Cooked down low and slow south Louisiana style, my brand spanking new Cajun smothered turkey breast came bubbling straight up from my heart, y'all. A deeply personal creation that incorporates all the things I love and cherish about my home state, this holiday-perfect meal stuns with unbelievable taste and stellar presentation. A bone-in turkey breast, marinated for 24 hours. Then, dusted with cassava flour and seasonings, and seared in cast iron. Rested a bit while the Cajun trinity and garlic cook all the way down, and the seasoned broth has picked up all of the pan drippings. Finally, smothered on both sides for hours, until the meat is super tender and the gravy erupts into flavor bomb fireworks inside of your mouth. Yep and yay...
It Had to Be Cajun, Y'all...
As Thanksgiving approaches each year, I start to have holiday main dish thoughts that literally put me beside myself. I love, love, love turkey. But, I hate that I seem to forget all about it once the yearly winter feasts are over. (Sad, sad shake of the head).
And I love turkey breast most of all. It's not so big as a whole bird. It's more convenient to freeze, thaw and cook, too. And, if you cook it right, its melt-in-your-mouth deliciousness that's a refreshing change from the same old chicken, beef or seafood dish. Indeed.

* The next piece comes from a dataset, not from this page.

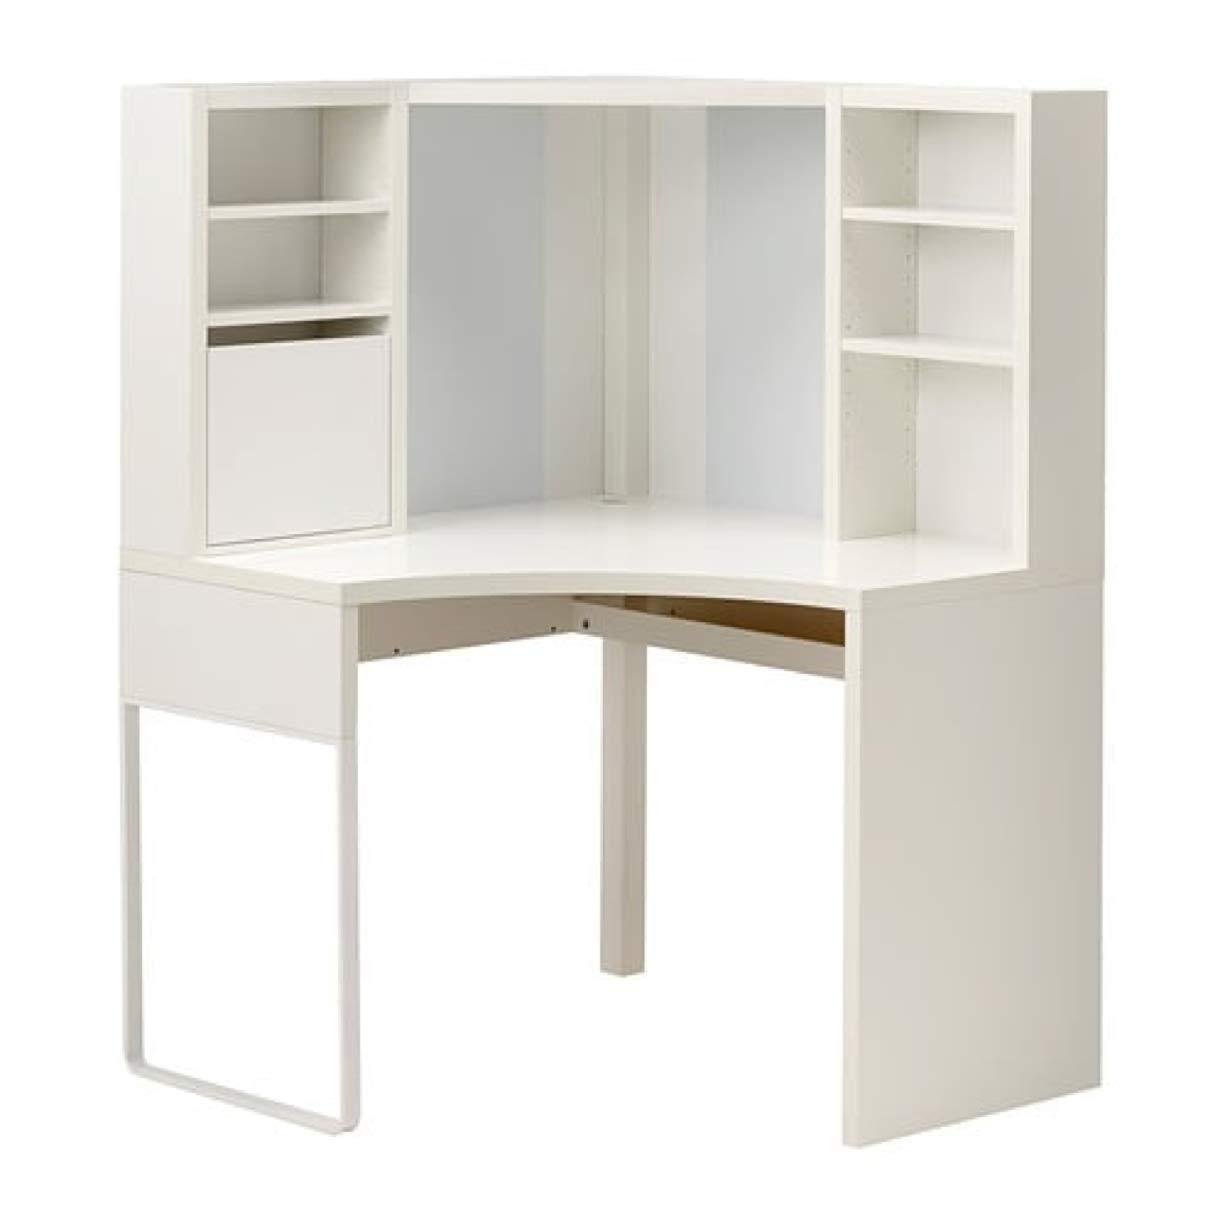 batalla Legítimo anillo  IKEA Micke 502.507.13 - Estación de trabajo de esquina, color blanco, talla  39 3/8 x 55 7/8 pulgadas: Amazon.es: Hogar
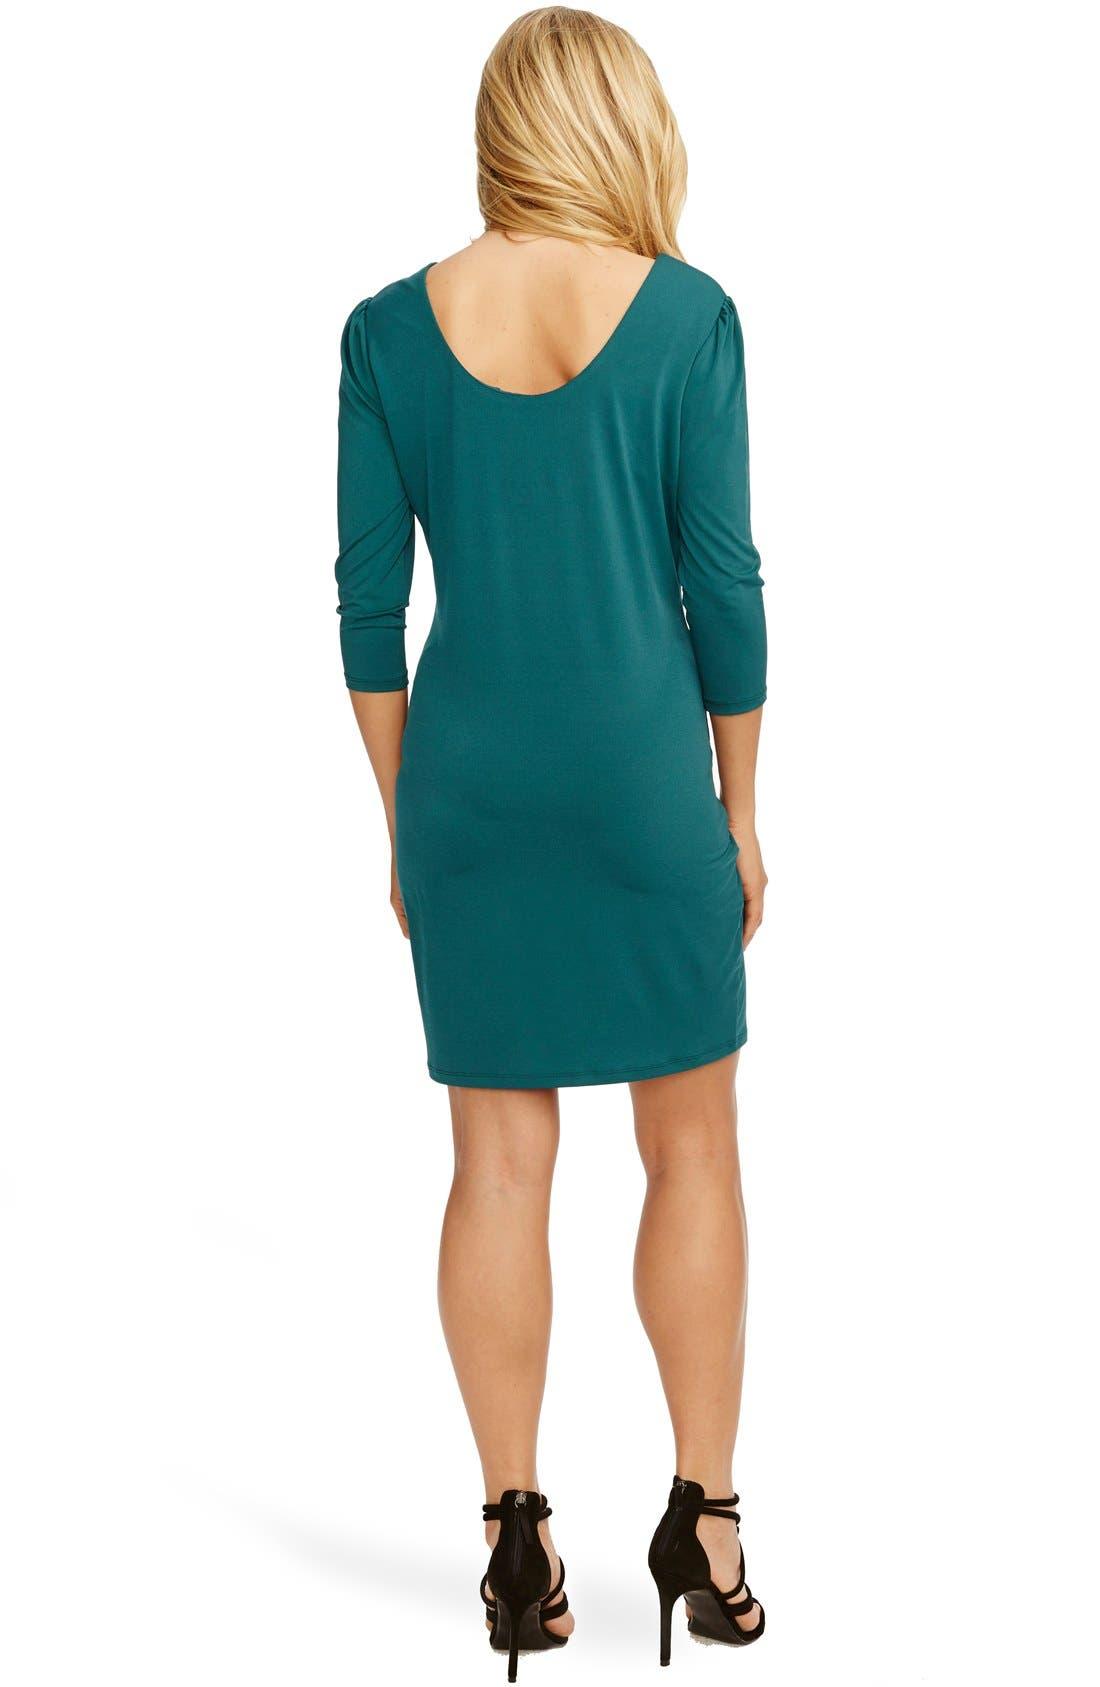 'Audra' Maternity Dress,                             Alternate thumbnail 2, color,                             401

Well, this year I wanted to make something so turkey special that I would remember to pick up a turkey breast from the grocery store at least a few times a year from now on. So, I dug really deep into my heart. And I asked myself what it would take for me to give turkey its shining star rightful place 'round the Liner residence.
'Cajun!' I immediately answered myself. Well, I've already done a Cajun roasted turkey breast that I absolutely love. I've made it often, and I'll continue to make it. But, this time I wanted something even more south Louisiana special. Something whose flavor goes all the way down to the depths of the bayou flavor-wise. And something with such a tantalizing texture that it would be permanently etched into my home cook memory.
So, without hesitation, I decided that Cajun smothered turkey breast would have to be it. You see, in south Louisiana, we smother everything we can get our hands on. And, well, I'm no exception. I smother green beans, I smother beef, and I smother potatoes, too.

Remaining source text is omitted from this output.